NOW THEREFORE, the parties, intending to be legally bound, agree as
follows:
1. SEVERANCE PAYMENT. In the event that the Employee's employment is
terminated or, if the Employee is employed under a written agreement
with a specified term, not renewed by the Employer at the next
opportunity for termination or non-renewal, as a result of any merger
or buy-out or change in control of the Employer, the Employer shall
continue to pay to the Employee his or her base compensation
(exclusive of bonus or incentive compensation and exclusive of
benefits) for a period of Six (6) months following the date of such
termination or non-renewal (the "Severance Period").

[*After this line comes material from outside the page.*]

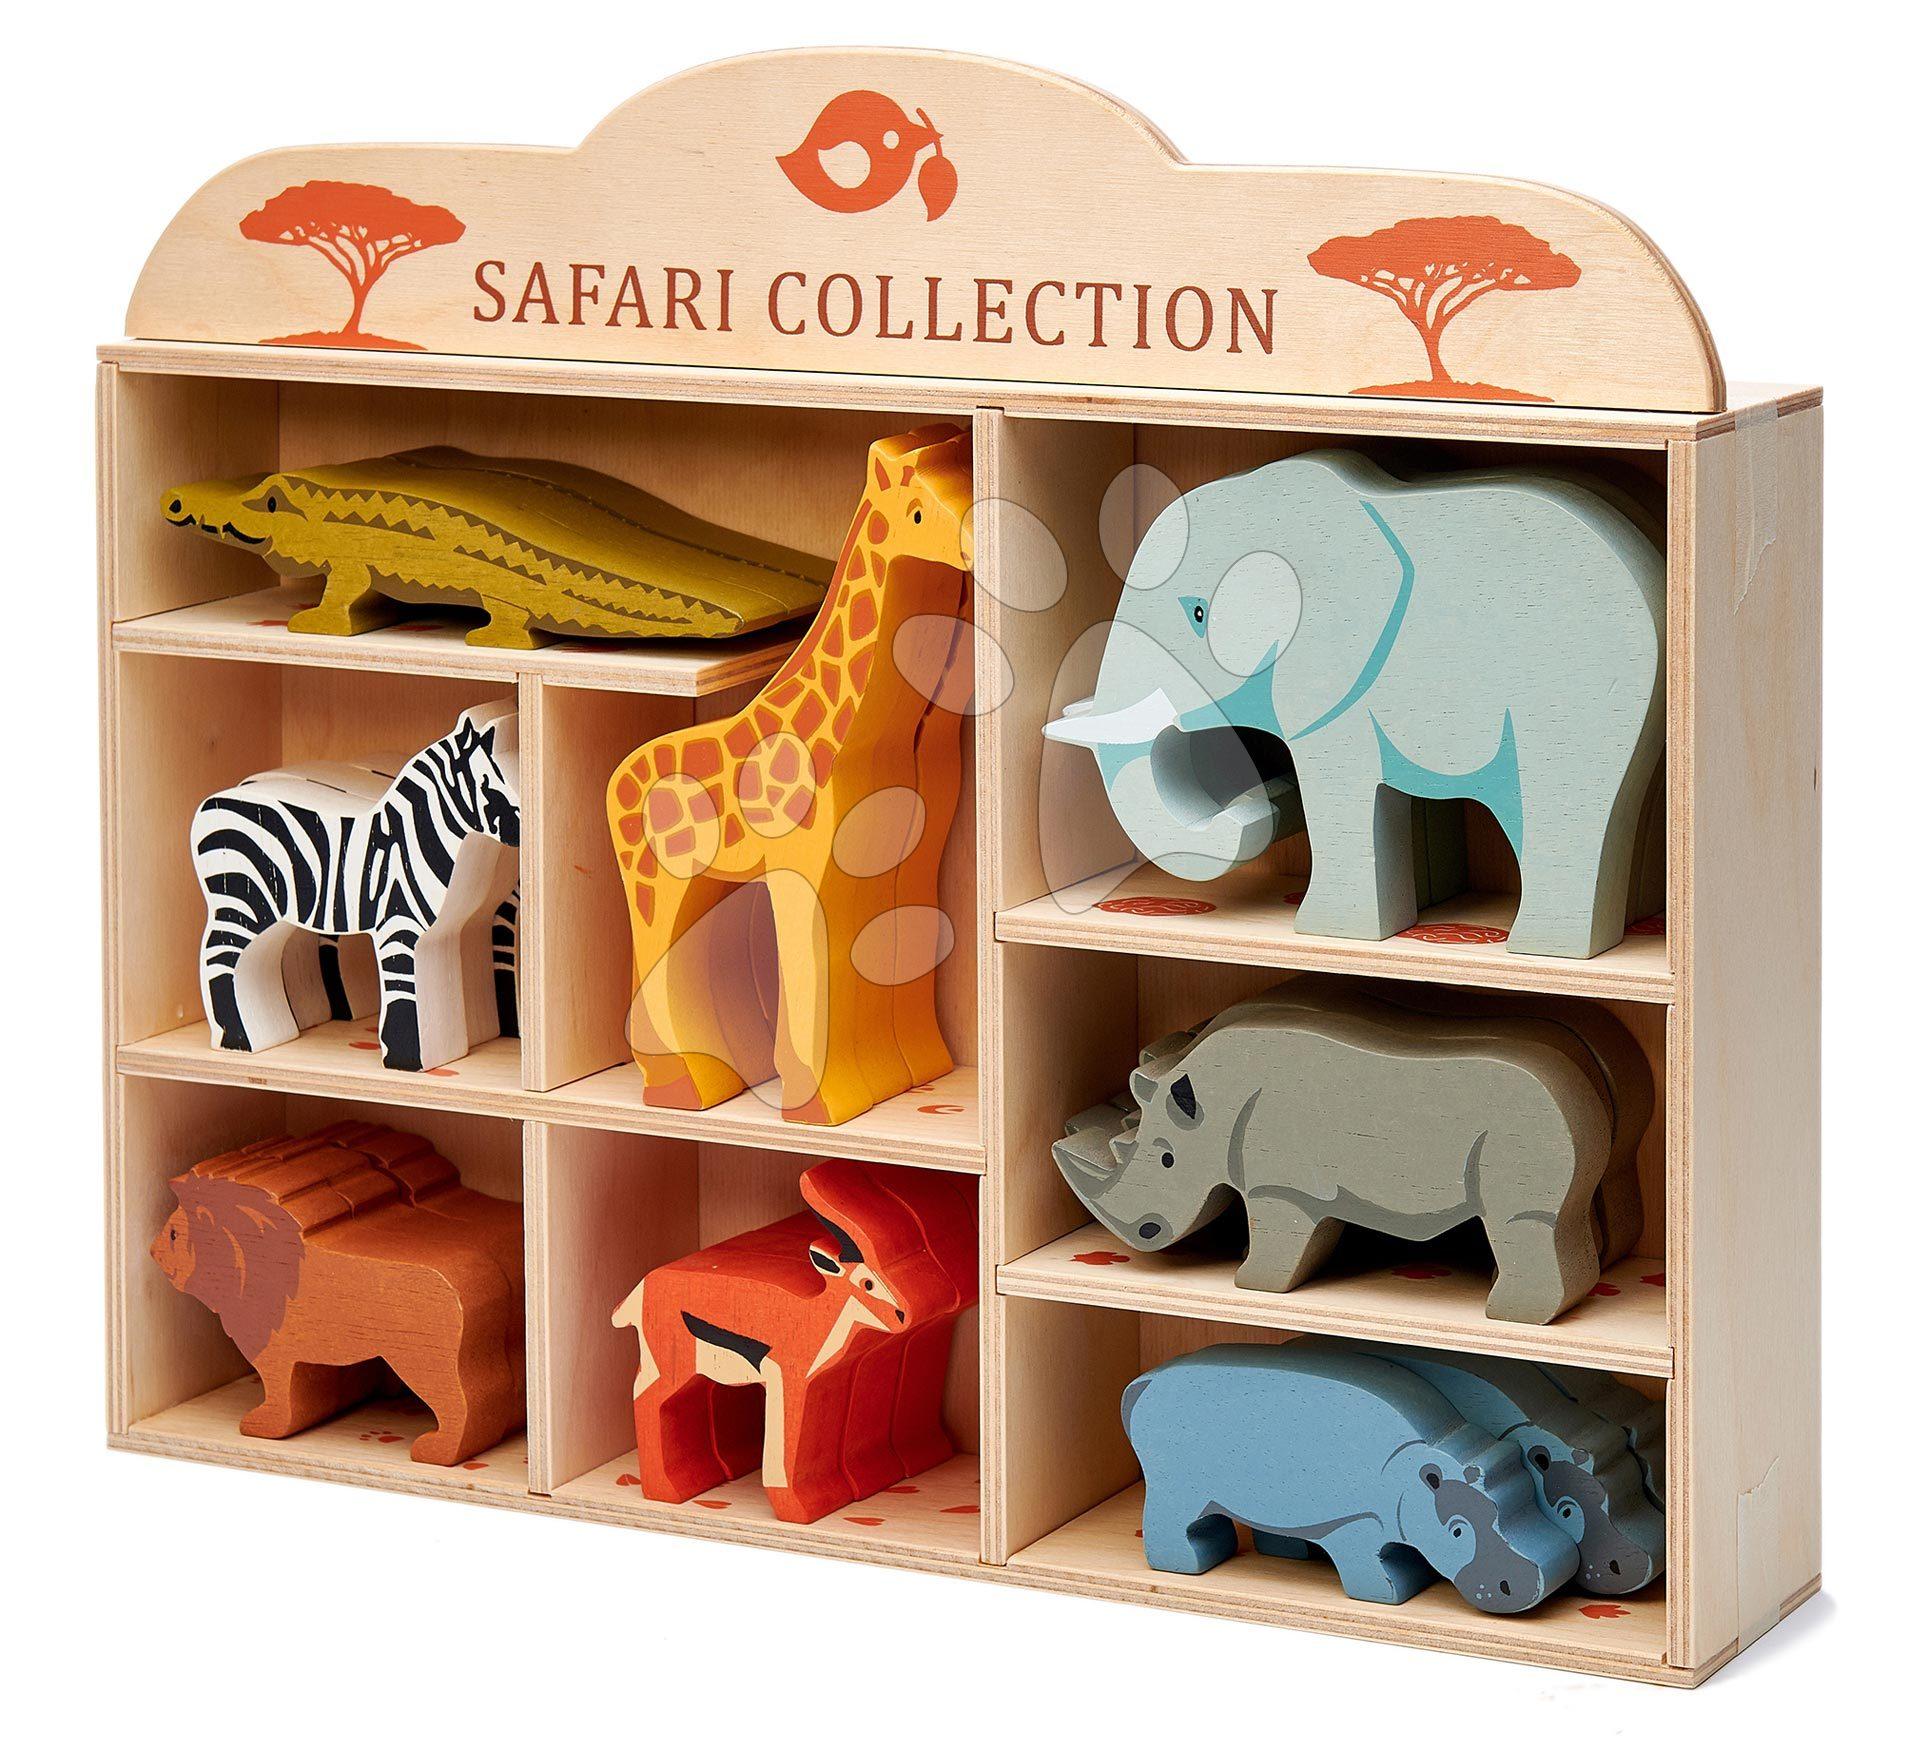 Drevené divoké zvieratká na poličke 24 ks Safari set Tender Leaf Toys krokodíl slon zebra antilopa žirafa nosorožec hroch lev

2. EVENTS OF DISQUALIFICATION. Notwithstanding the foregoing provisions
of paragraph 1, the Employee shall be disqualified from receiving such
severance compensation in any of the following events.:
(a) ACCEPTANCE OF EMPLOYMENT. In the event that the Employee
accepts new or continued employment from the Employer,
regardless of the compensation level, benefits or other terms
or conditions of such employment;
(b) REJECTION OF EQUIVALENT EMPLOYMENT. In the event that the
Employee is offered new or continued employment with the
Employer at a level of compensation and with benefits
equivalent to or better than those then governing his or her
employment and at a location within Fifty (50) miles of the
Employer's current address; or
(c) VIOLATION OF COVENANT. In the event that the Employee
violates any term or provision of the Covenants of the
Employee provided in paragraph 3, below.
3. COVENANTS OF THE EMPLOYEE.
(a) NON-DISPARAGEMENT, NON-DISCLOSURE AND NON-SOLICITATION.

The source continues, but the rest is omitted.